(Records drawn from a dataset)
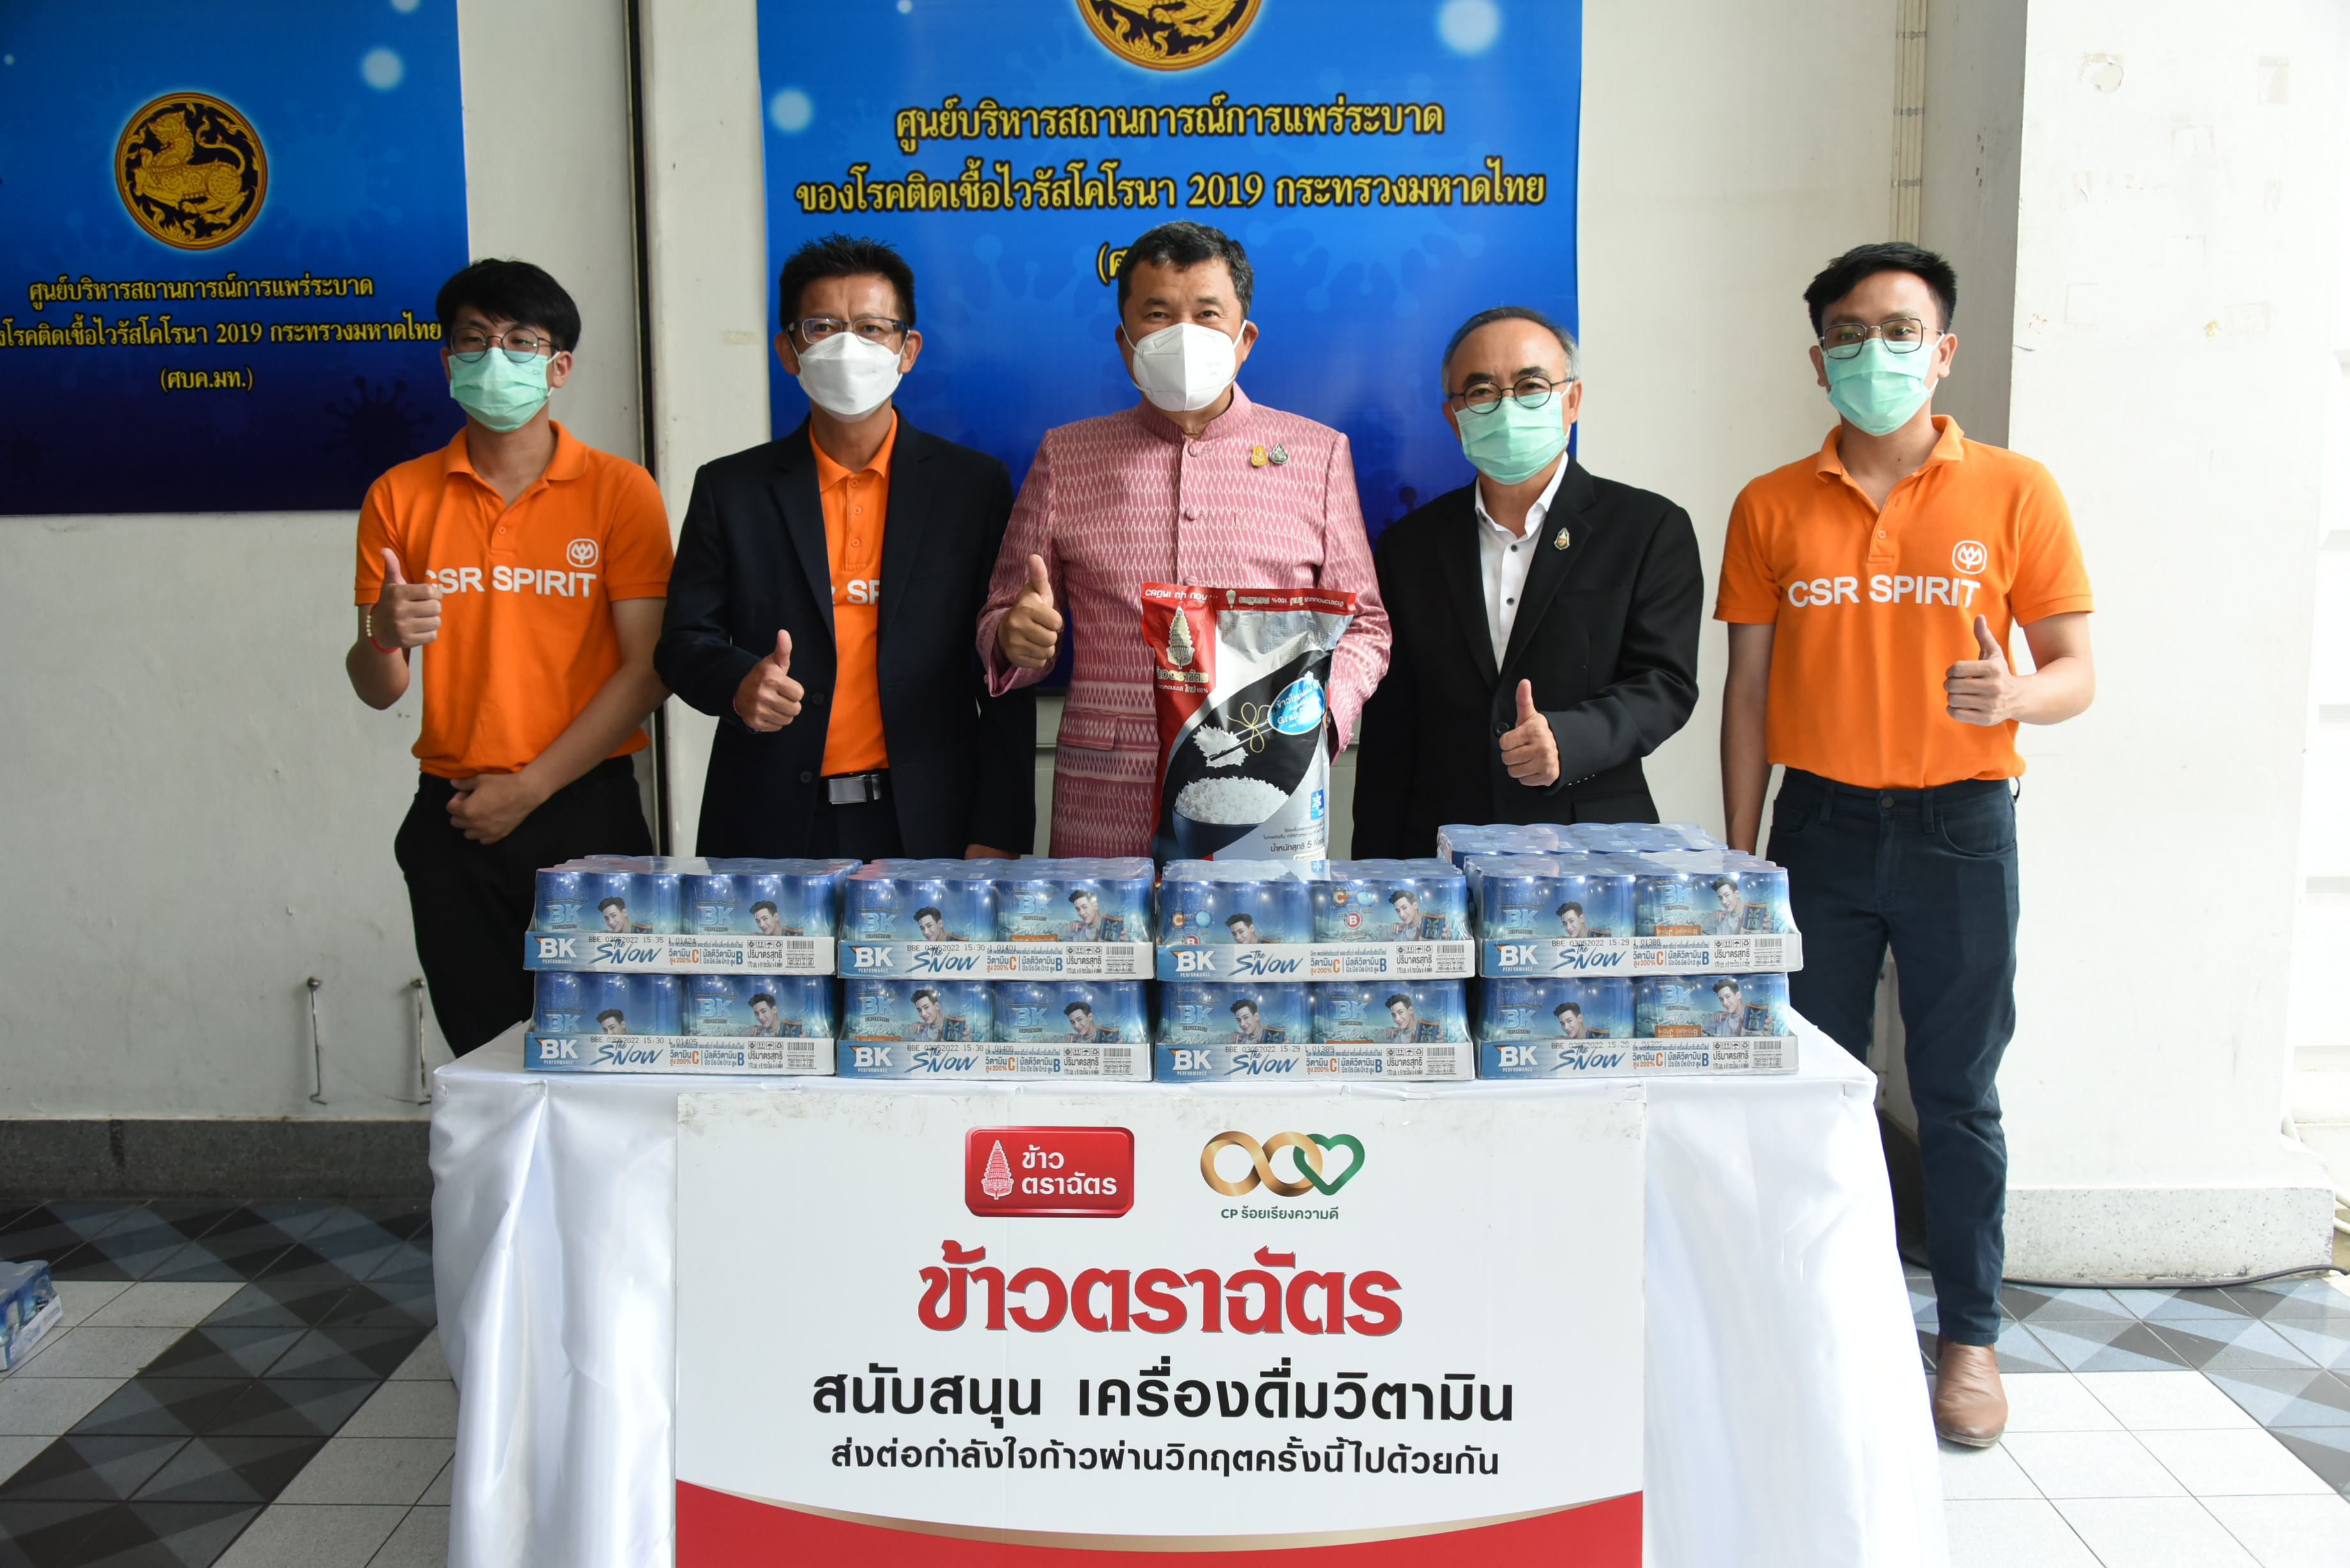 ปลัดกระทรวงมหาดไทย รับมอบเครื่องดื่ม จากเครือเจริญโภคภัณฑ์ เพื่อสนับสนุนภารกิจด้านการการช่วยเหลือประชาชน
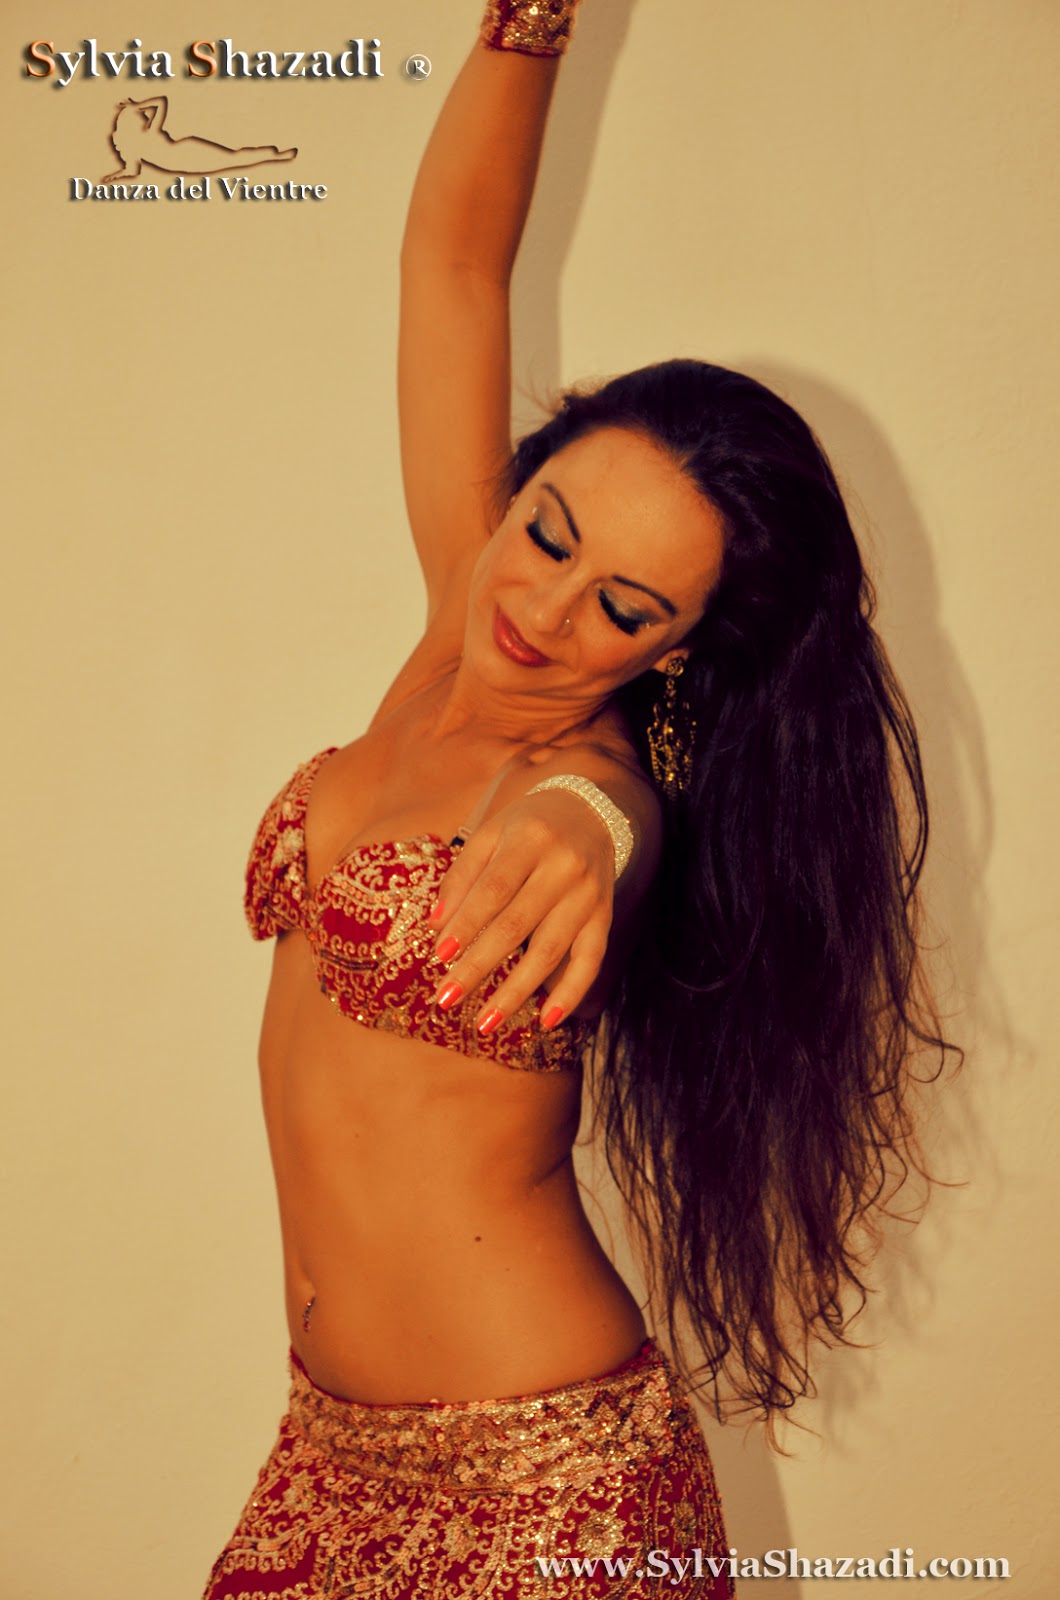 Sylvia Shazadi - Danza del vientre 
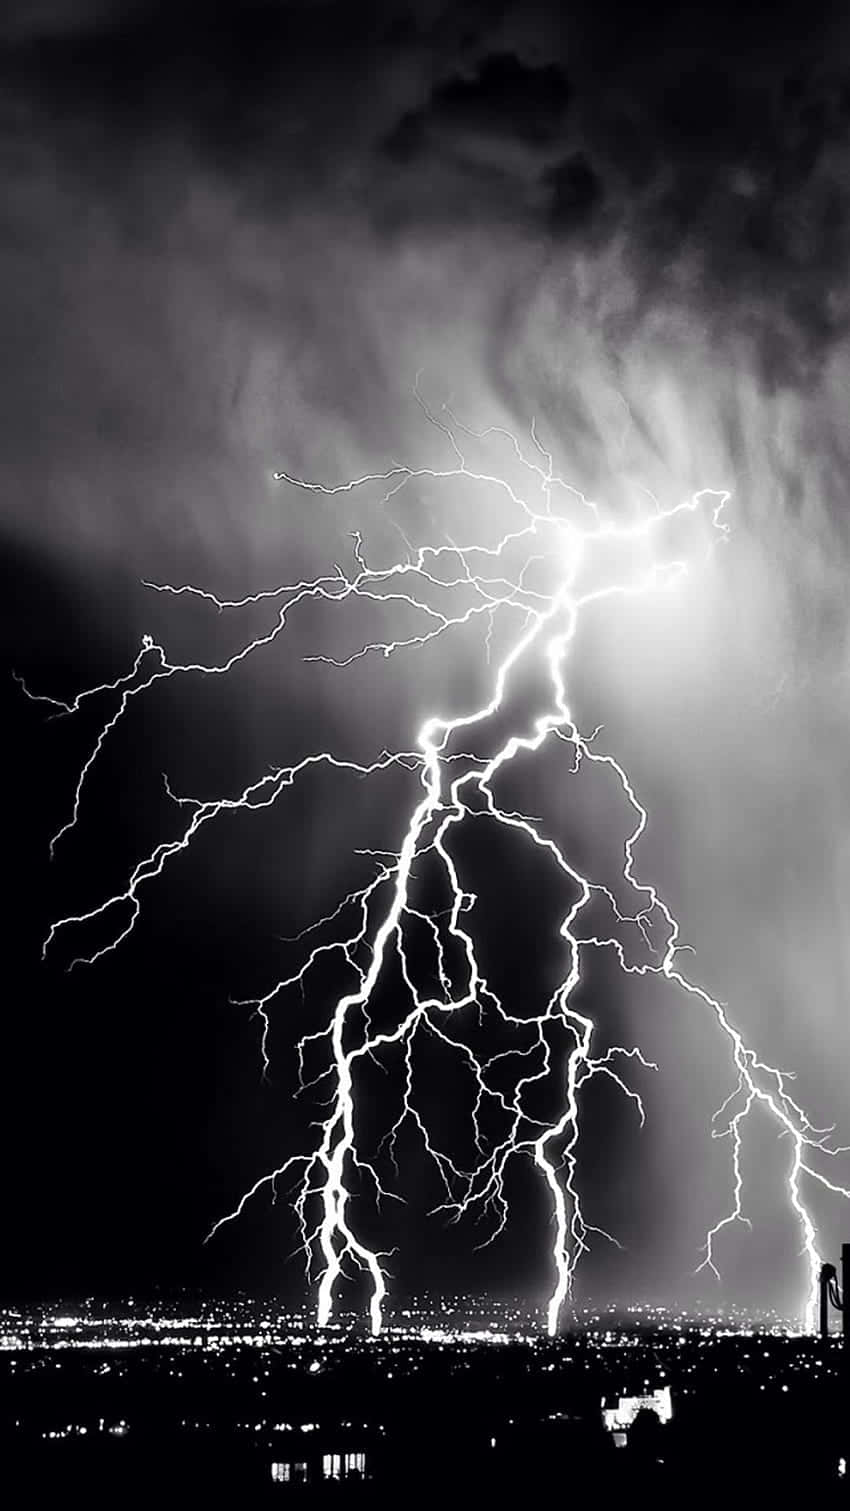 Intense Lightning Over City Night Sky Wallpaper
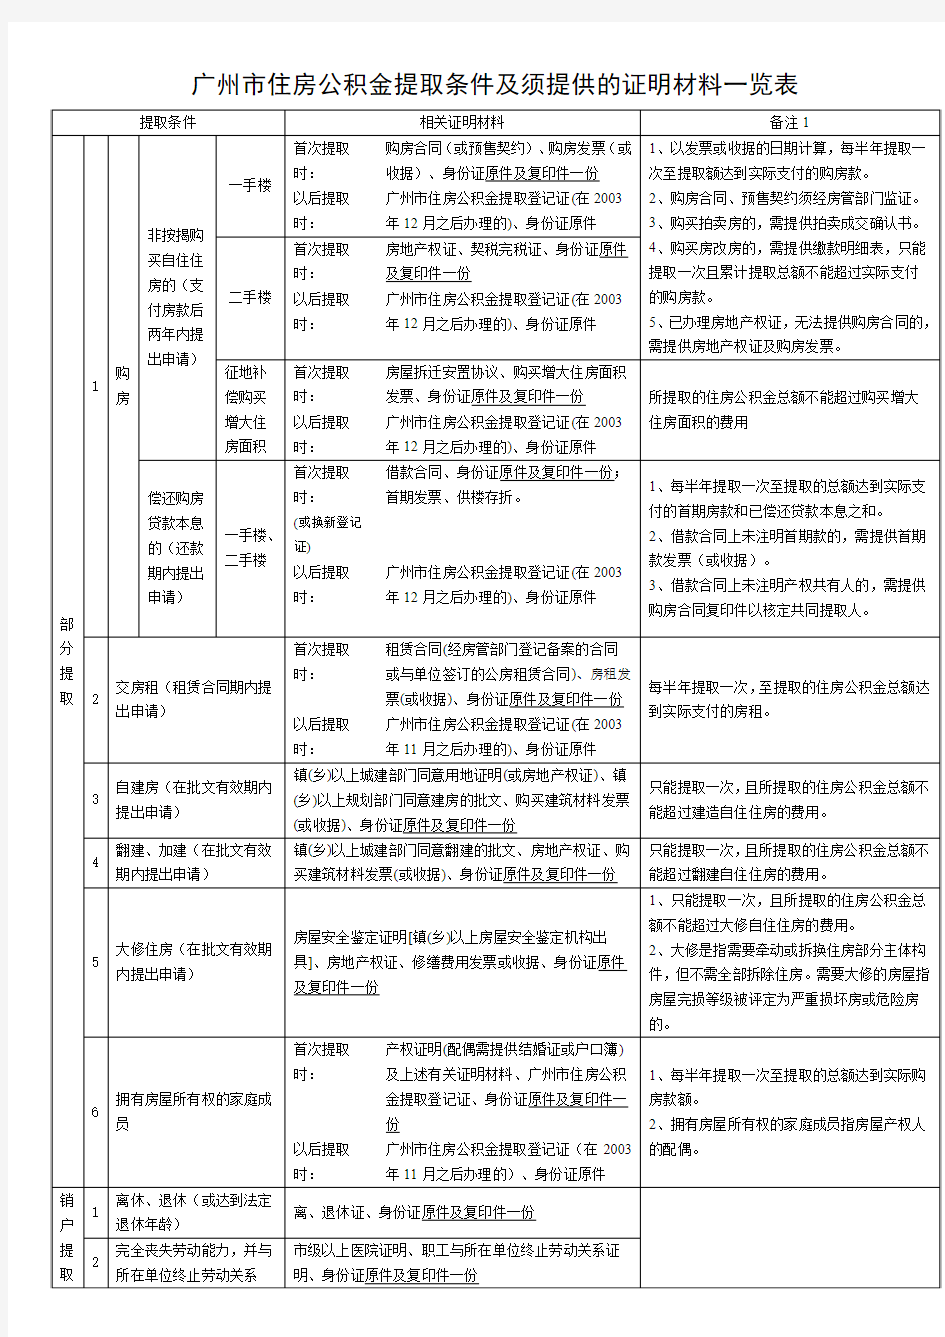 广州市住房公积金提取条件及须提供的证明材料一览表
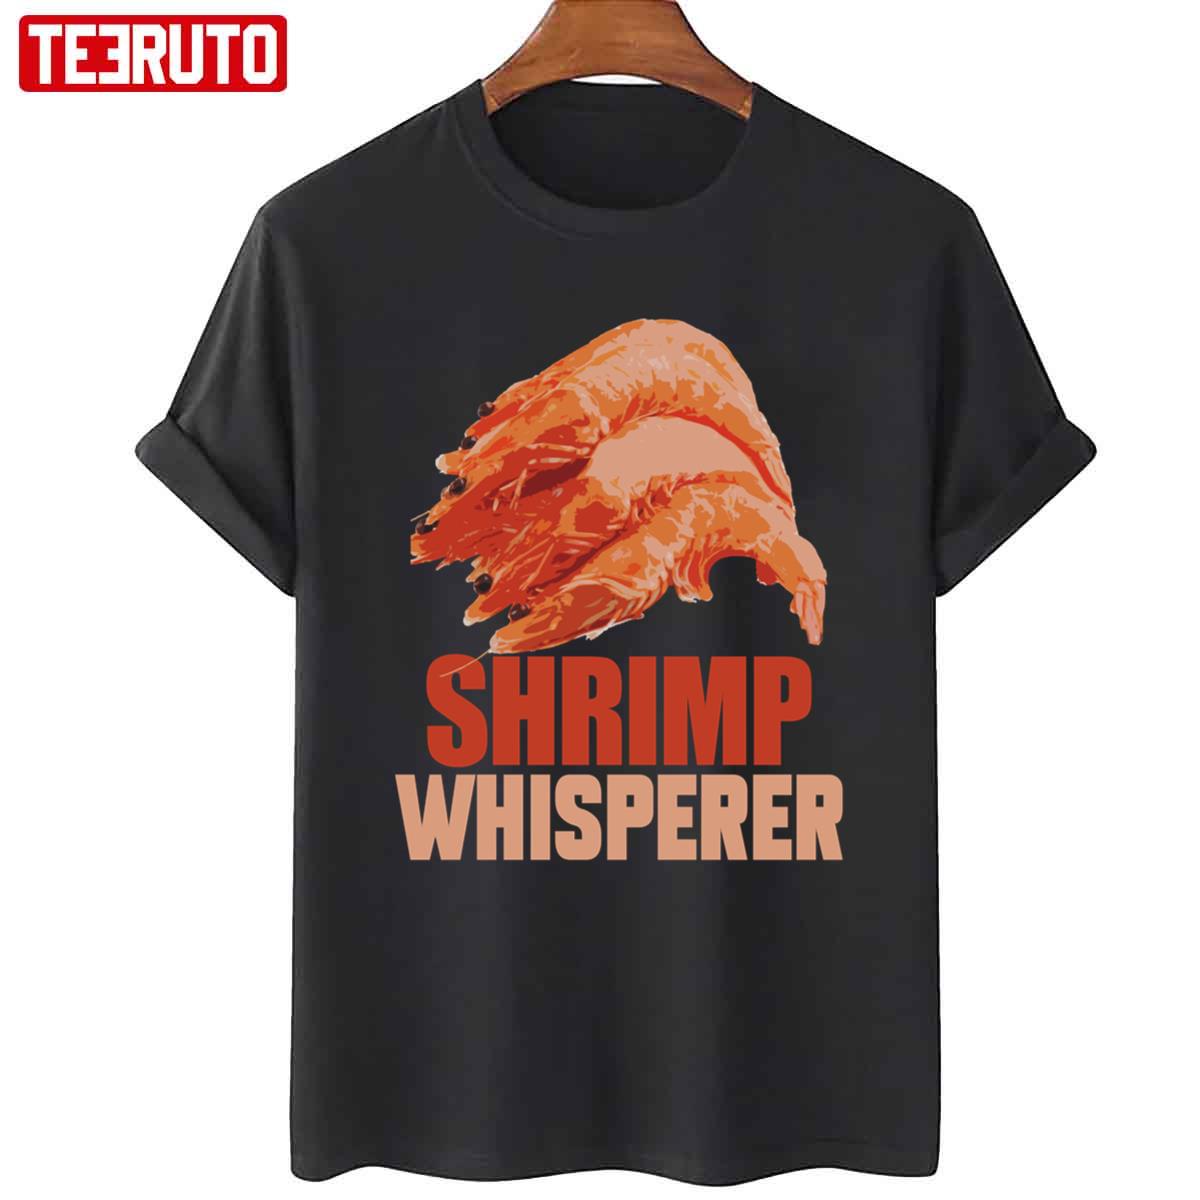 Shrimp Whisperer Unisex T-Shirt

● Try it: When you reproduce the data shown above, keep each line exact and omit every picture.

● Answer to the problem:
 ปลัดกระทรวงมหาดไทย รับมอบเครื่องดื่ม จากเครือเจริญโภคภัณฑ์ เพื่อสนับสนุนภารกิจด้านการการช่วยเหลือประชาชน
 Sylvia Shazadi - Danza del vientre 
 Intense Lightning Over City Night Sky Wallpaper
 广州市住房公积金提取条件及须提供的证明材料一览表
 Shrimp Whisperer Unisex T-Shirt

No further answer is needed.